Lately, we've fooled around a bit with making soda can stoves, rocket stoves, etc. Fun projects for kids. 

For versatility, it's probably still hard to beat the MSR XGK multifuel we got Dad in the mid 1980's.


----------



## readytogo (Apr 6, 2013)

rawhide2971 said:


> That old M1950 sure brings back memories...we were still using the things in 70's when I was in...... I still have one floating around somewhere but need to go dig it out.........


Dig it out rawhide2971 is a great stove and great American memorabilia, is part of history my friend.


----------



## readytogo (Apr 6, 2013)

HamiltonFelix said:


> LOL! I remember Dad using his Korean era army white gas stove to melt lead for bullet casting, probably around 1960. I guess the Coleman Peak 1 series sort of descended from that stove. Good unit.
> 
> Lately, we've fooled around a bit with making soda can stoves, rocket stoves, etc. Fun projects for kids.
> 
> For versatility, it's probably still hard to beat the MSR XGK multifuel we got Dad in the mid 1980's.


Every since the wave of survivalist and peppers' started many have come out trying to re-invent the wheel; soda can stoves, hobo stoves, rock stoves, etc, and nothing is going to beat a true and tried stove that has been to war and back, I have cooked with nothing but wood and a metal wire mesh over rocks and honestly nothing beats fuel under pressure for cooking fire, in the cold mountains of Korea the little soda can stove will only light up a cigar, maybe.
ps.the MSR stove is one of the best out there.


----------



## jeff47041 (Jan 5, 2013)

I have several stoves and grills. My little one burner propane stove, like in your picture, is what kept us fed for 6 days when we lived through hurricane Charlie in Fort Myers FL. 
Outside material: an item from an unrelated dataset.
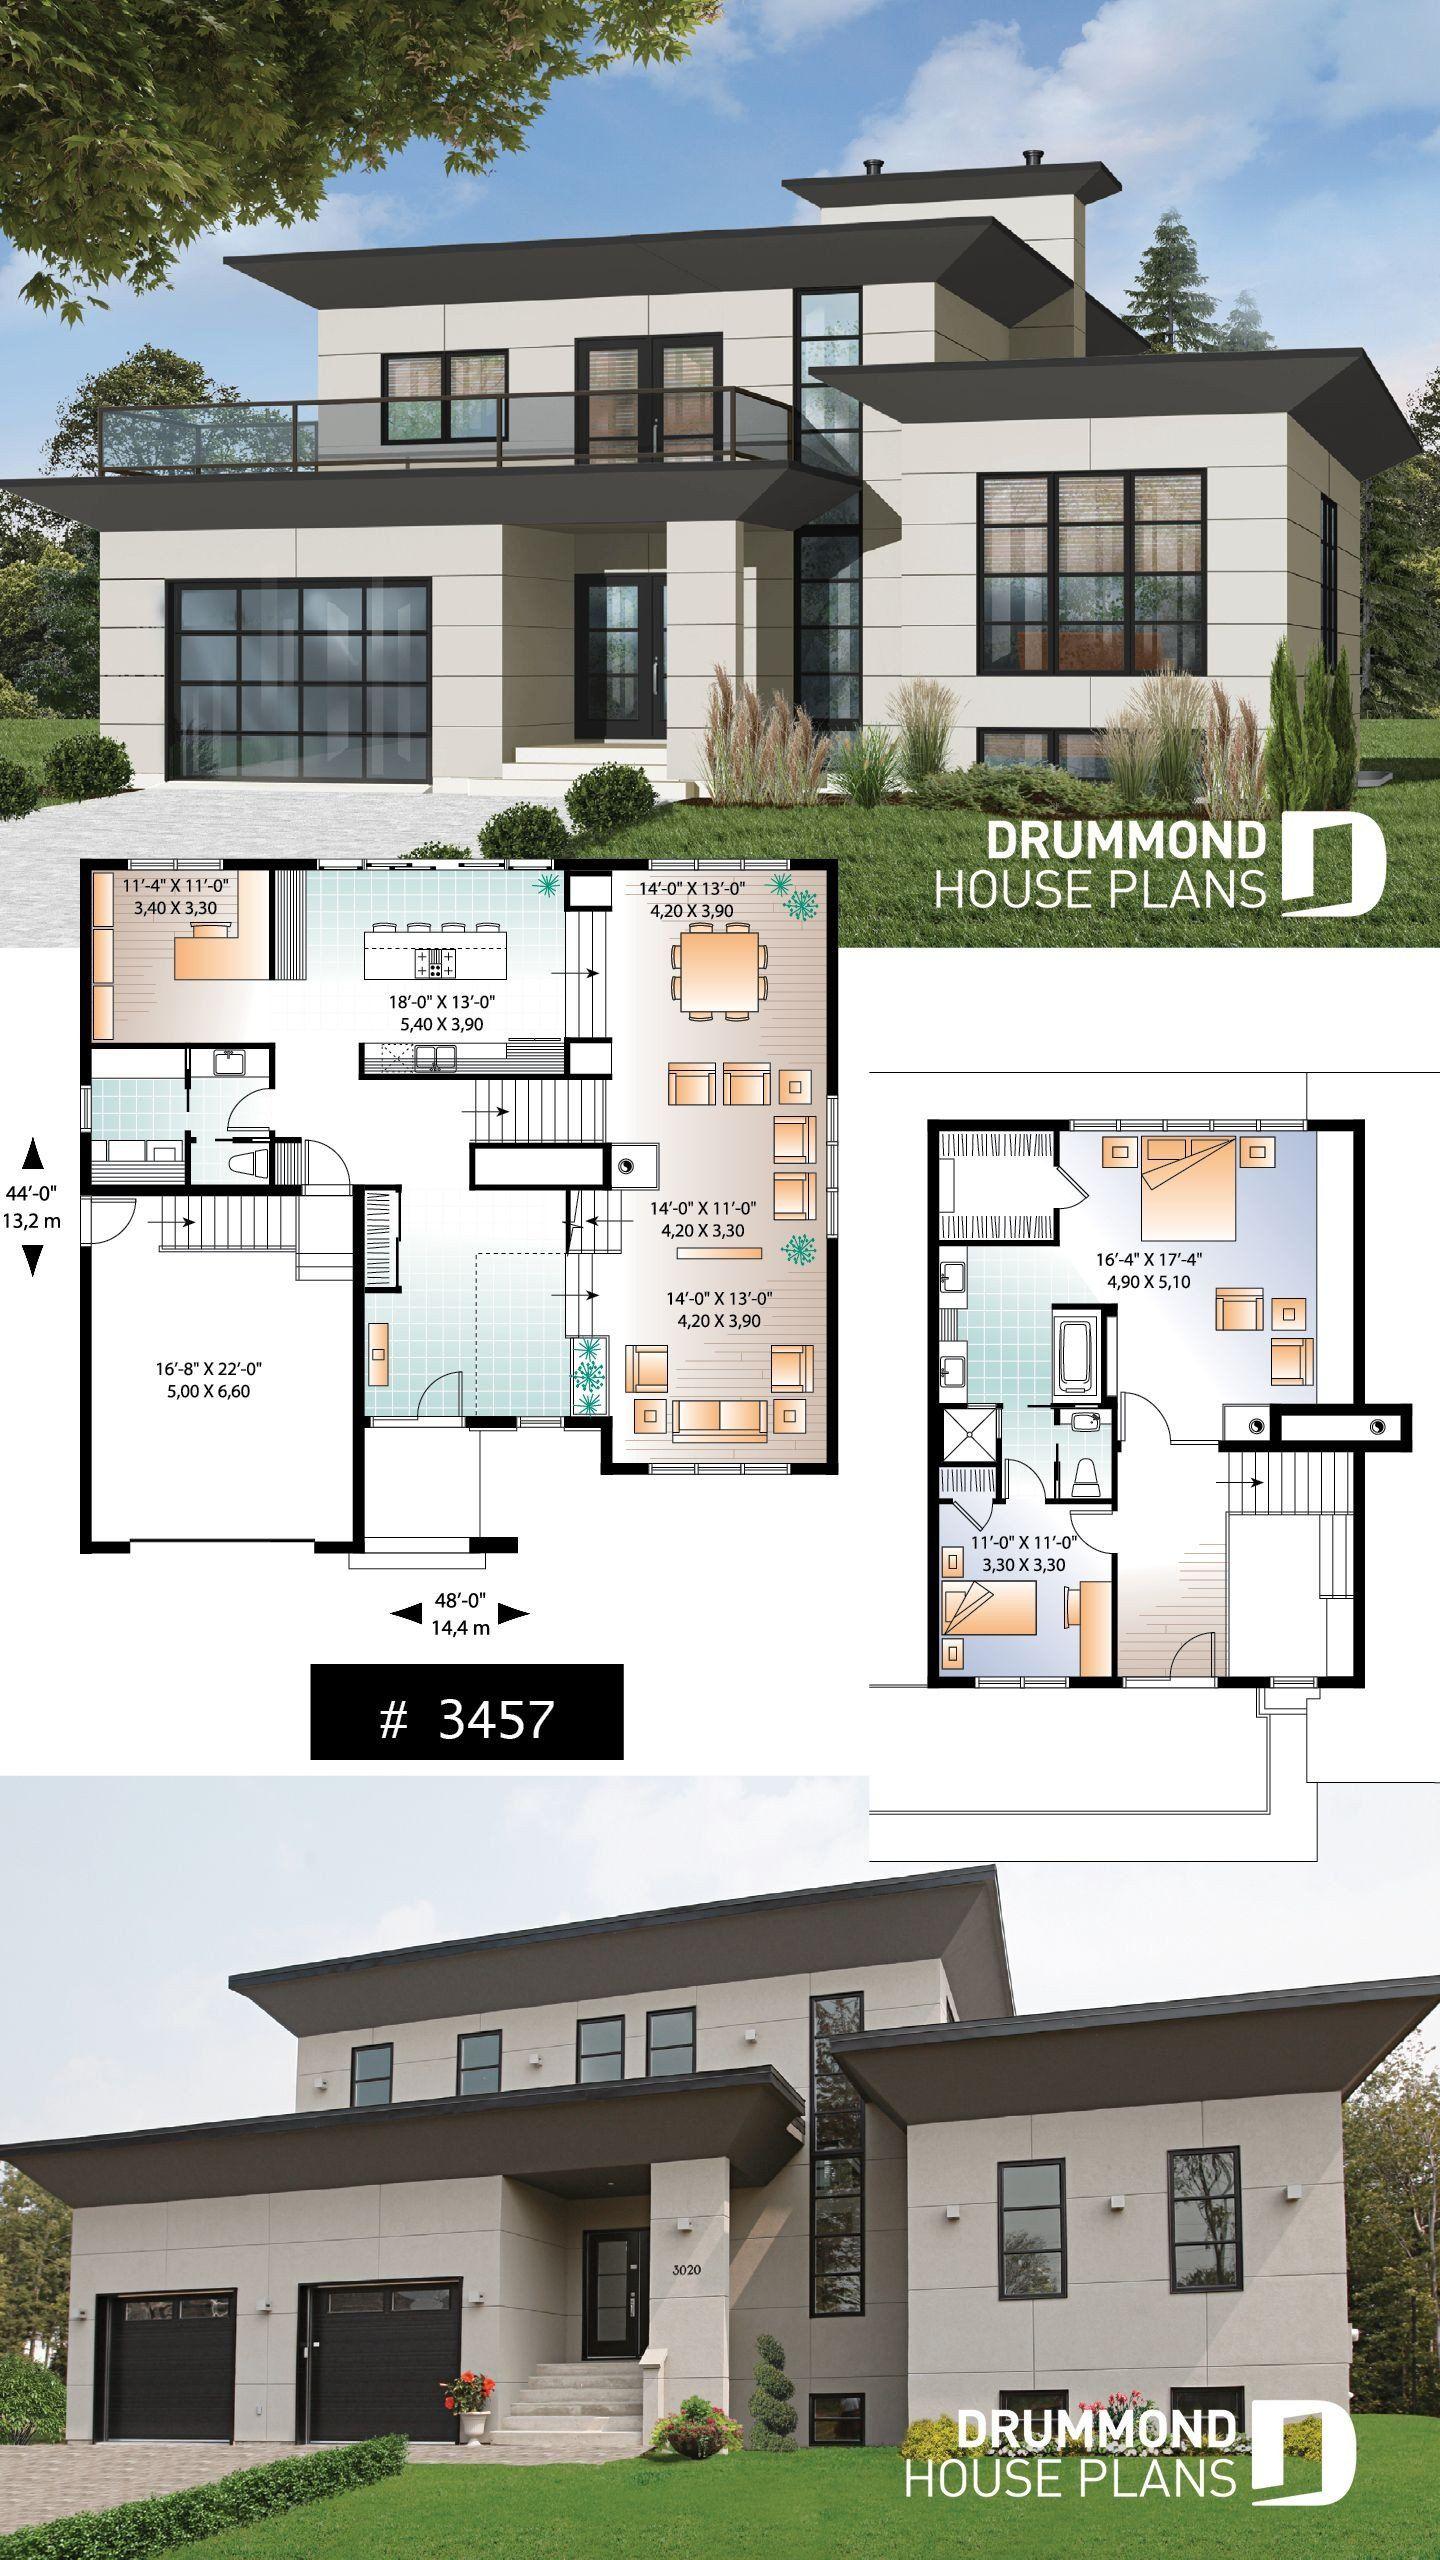 Sims 4 Modern House Floor Plan House Plan Caldwell No 3457 In 2020 Modern House Floor Plans Contemporary House Plans Mansion Floor Plan

My folding sterno stove looks just like the one you have. I have been using the same one ever since my Webelos days back in 1975. It still looks and works just like it did when it was new.


----------



## readytogo (Apr 6, 2013)

jeff47041 said:


> I have several stoves and grills. My little one burner propane stove, like in your picture, is what kept us fed for 6 days when we lived through hurricane Charlie in Fort Myers FL.
> 
> My folding sterno stove looks just like the one you have. I have been using the same one ever since my Webelos days back in 1975. It still looks and works just like it did when it was new.


That little stove has cook many meals for me and brew many cups of coffee,back in my Army days my favorite spam and eggs for breakfast kept me warm in the cold Korean mountains and here at home I swear that coffee doesn't taste the same if not brew with that old thing, anyway is good to have backups just in case.


----------